◆ Data provided ◆
-------------------------

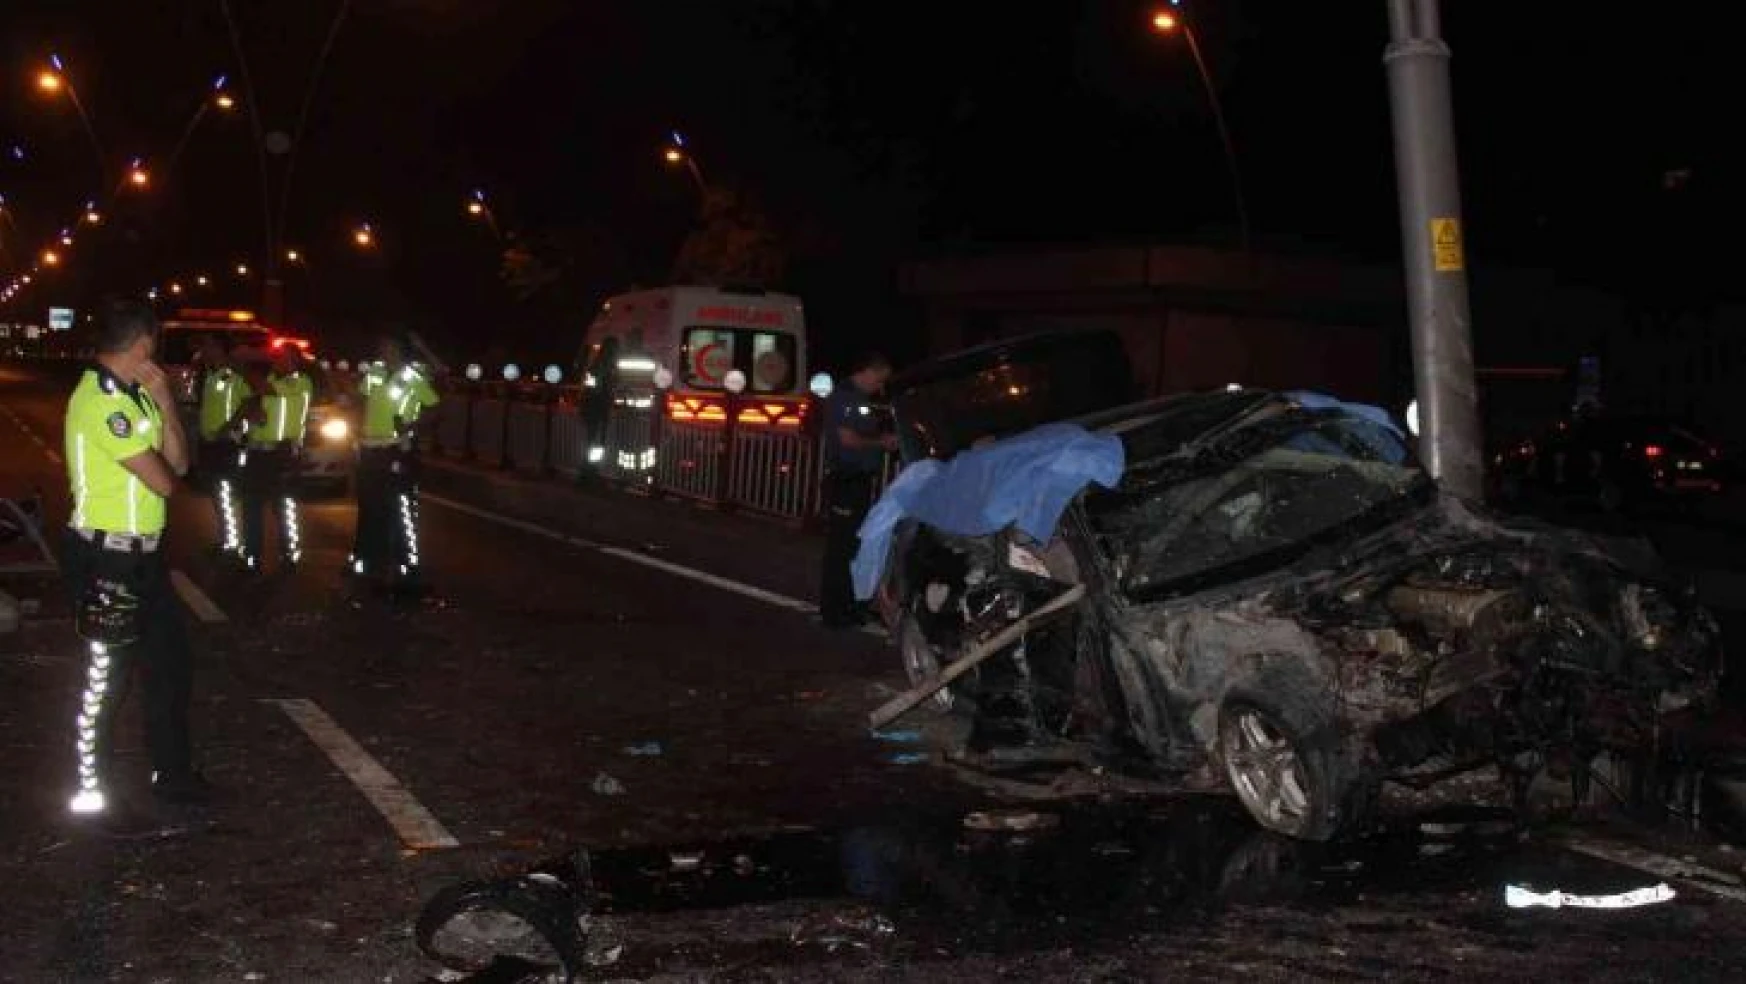 Kayseri'de feci kaza: 2 ölü, 2 yaralı
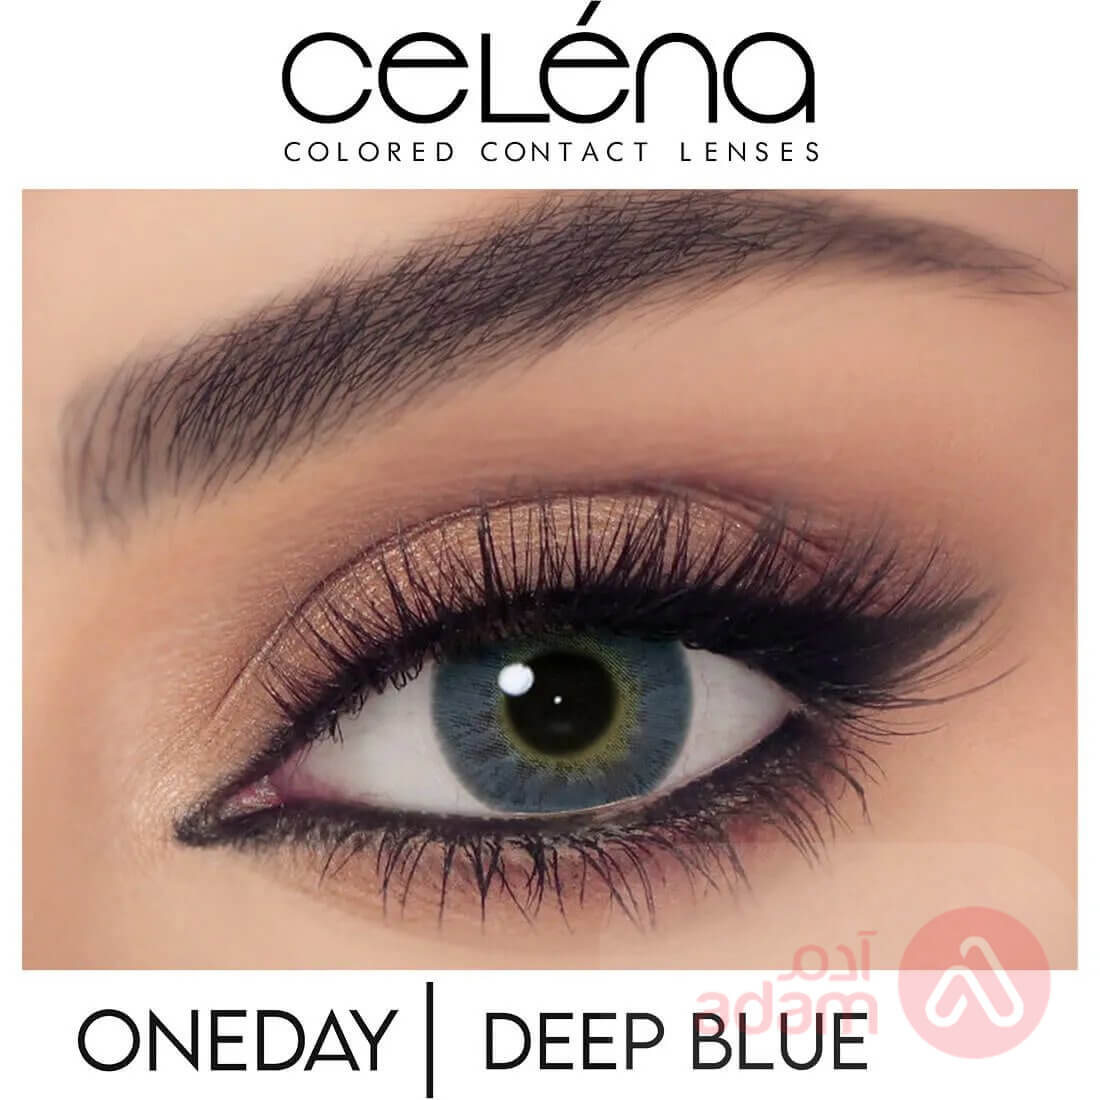 Celena Daily Deep Blue
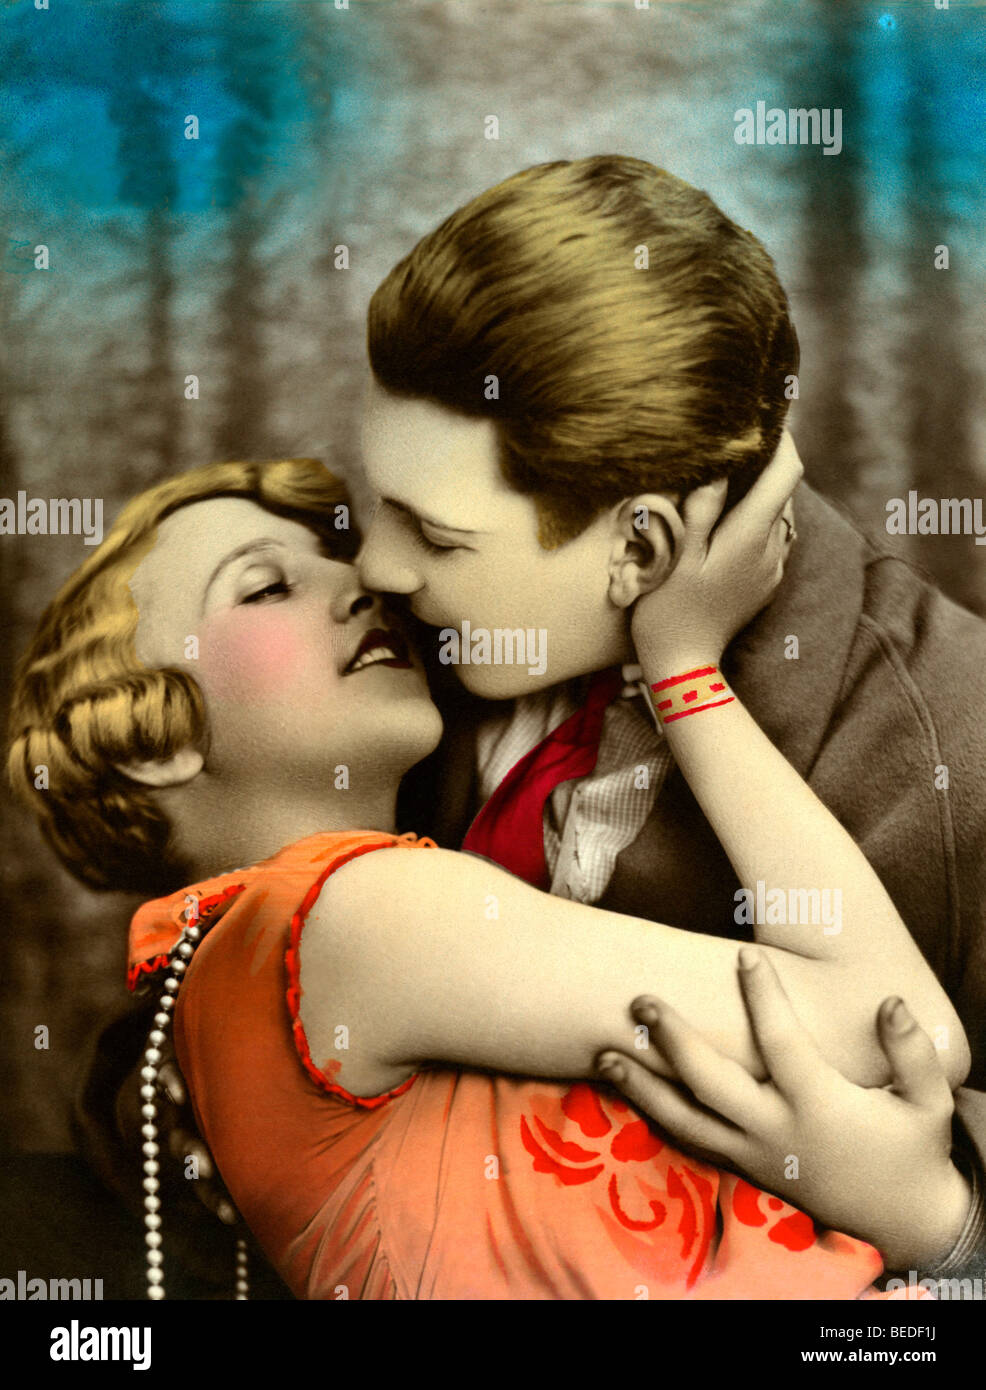 Photographie historique, Kiss, autour de 1925 Banque D'Images

-------------------------

Reproduce the entire listing exactly, but omit any pictures.

 Kayseri'de feci kaza: 2 ölü, 2 yaralı
 Celena Daily Deep Blue
 Photographie historique, Kiss, autour de 1925 Banque D'Images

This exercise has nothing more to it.